Although there were no soaring dogfights for F-100s, a nostalgic former pilot claimed that flying an F-100 was “more fun than sex.” In wartime, however, that feeling was evanescent.
The unexpected and ferocious Tet Offensive jolted American and South Vietnamese troops with blows that were bold, breathtaking and unexpectedly systematized. Beginning when many South Vietnamese soldiers were enjoying holiday leave, the widespread surprise attacks represented what author Mark Bowden calls “a masterpiece of clandestine effort.” While surreptitiously transporting personnel and supplies into South Vietnam, North Vietnamese strategists tried to anticipate every detail in planning an operation with many fighting fronts.

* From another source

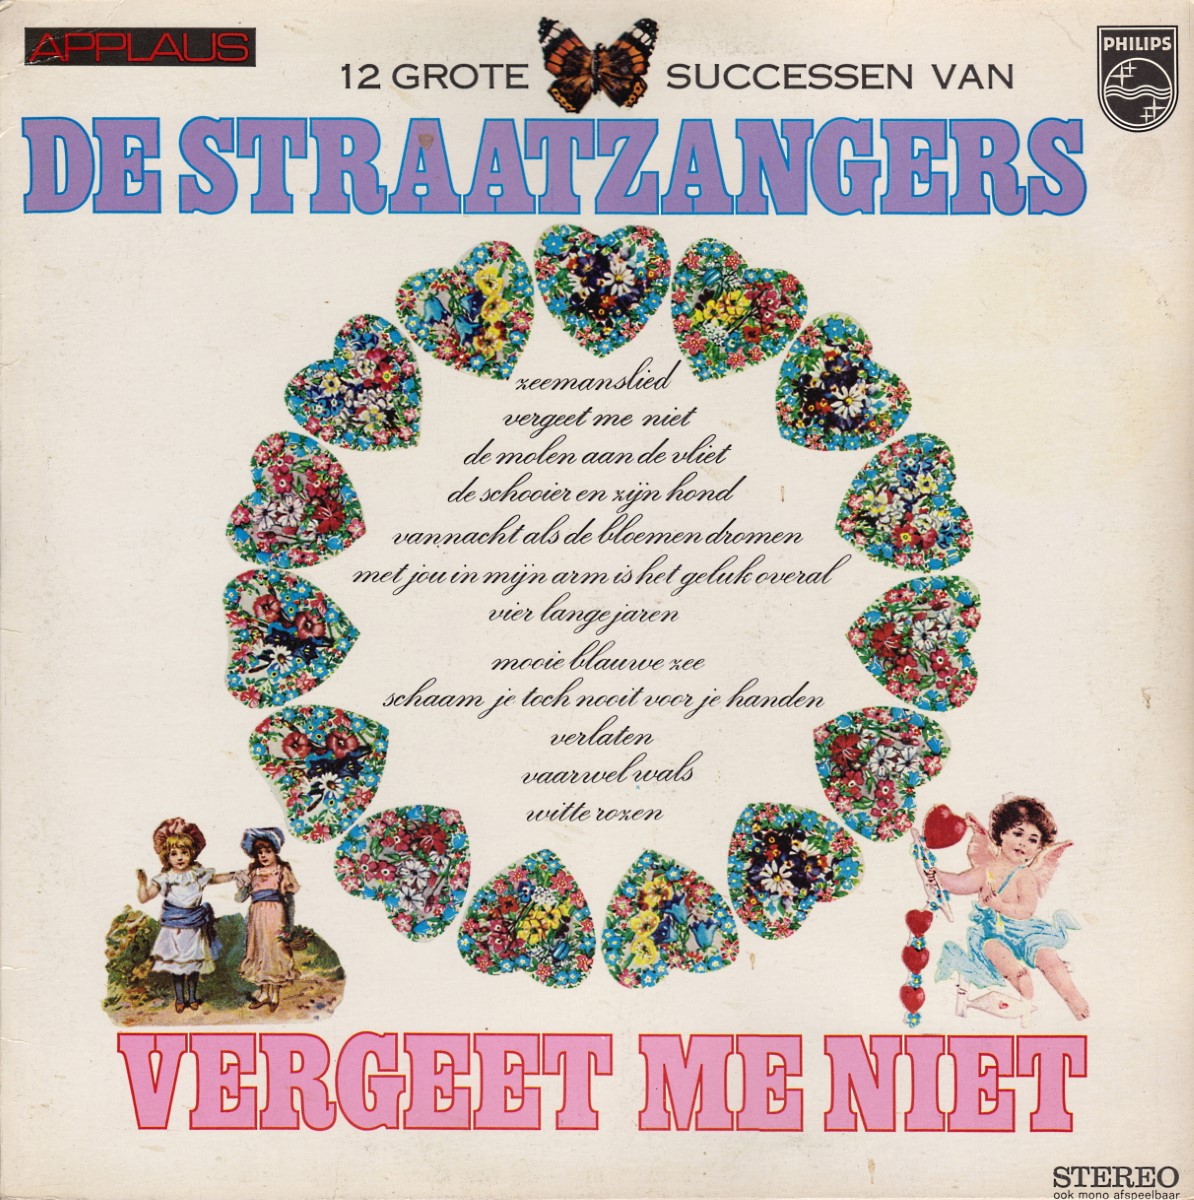 De Straatzangers - Vergeet Me Niet (12 Grote Successen Van) (1974)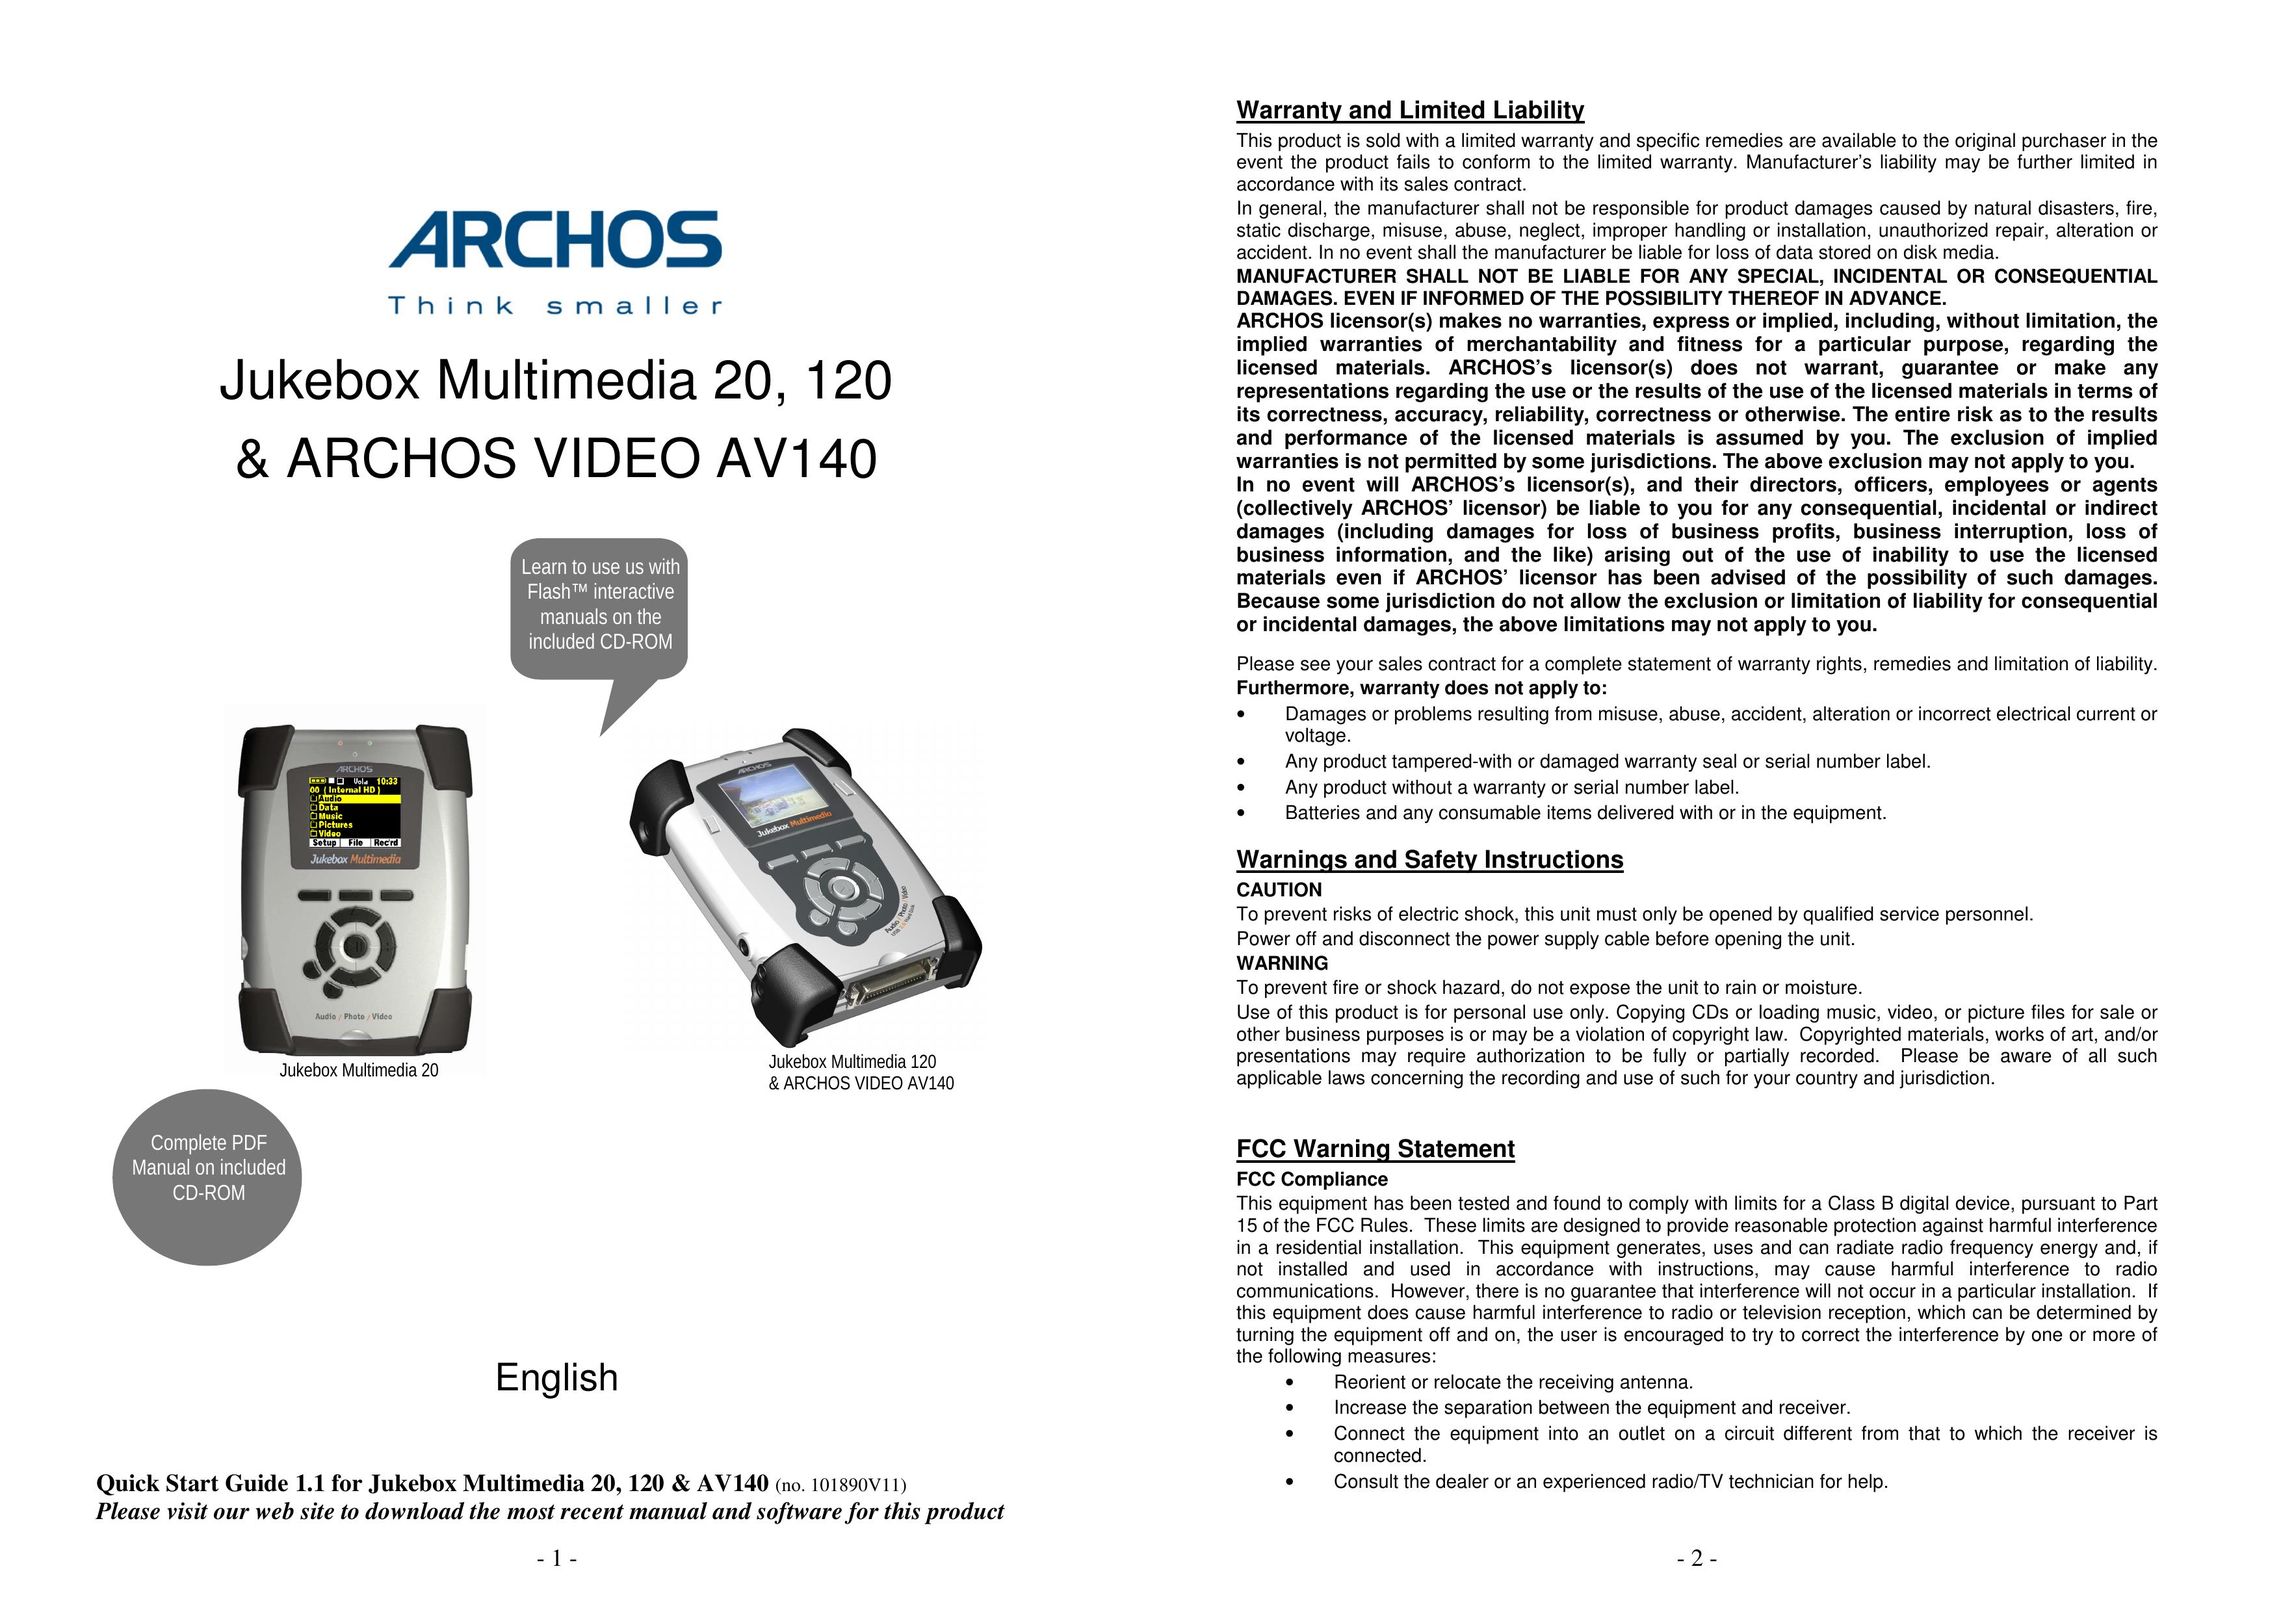 Archos AV140 Portable Multimedia Player User Manual

At Tet’s start, Viet Cong units charged Biên Hòa Air Base, home to the Smithsonian’s F100-D. In less than a day, joint efforts on land and in the air defeated the attackers. Among more than 100 Tet strikes, three—Saigon, Huế, and Khe Sanh—captured the global spotlight.
In Saigon, with a population of more than 2 million, the city had long been isolated from the war’s dangers, but Viet Cong guerillas infiltrated the U.S. embassy compound around 2:45 a.m. January 31 and held it for more than six hours.
Erroneous reports that the raiders had penetrated the embassy itself alarmed Americans back home. Insurgents also captured the government radio station but were unable to broadcast a message. They briefly captured several Saigon sites, but U.S. and South Vietnamese soldiers killed or captured all commandos within a few days. A flaw in North Vietnam’s strategy became clear: Planners had wrongly assumed South Vietnamese troops and civilians would support the initial fighters. Without South Vietnamese reinforcements, the assaults crumpled.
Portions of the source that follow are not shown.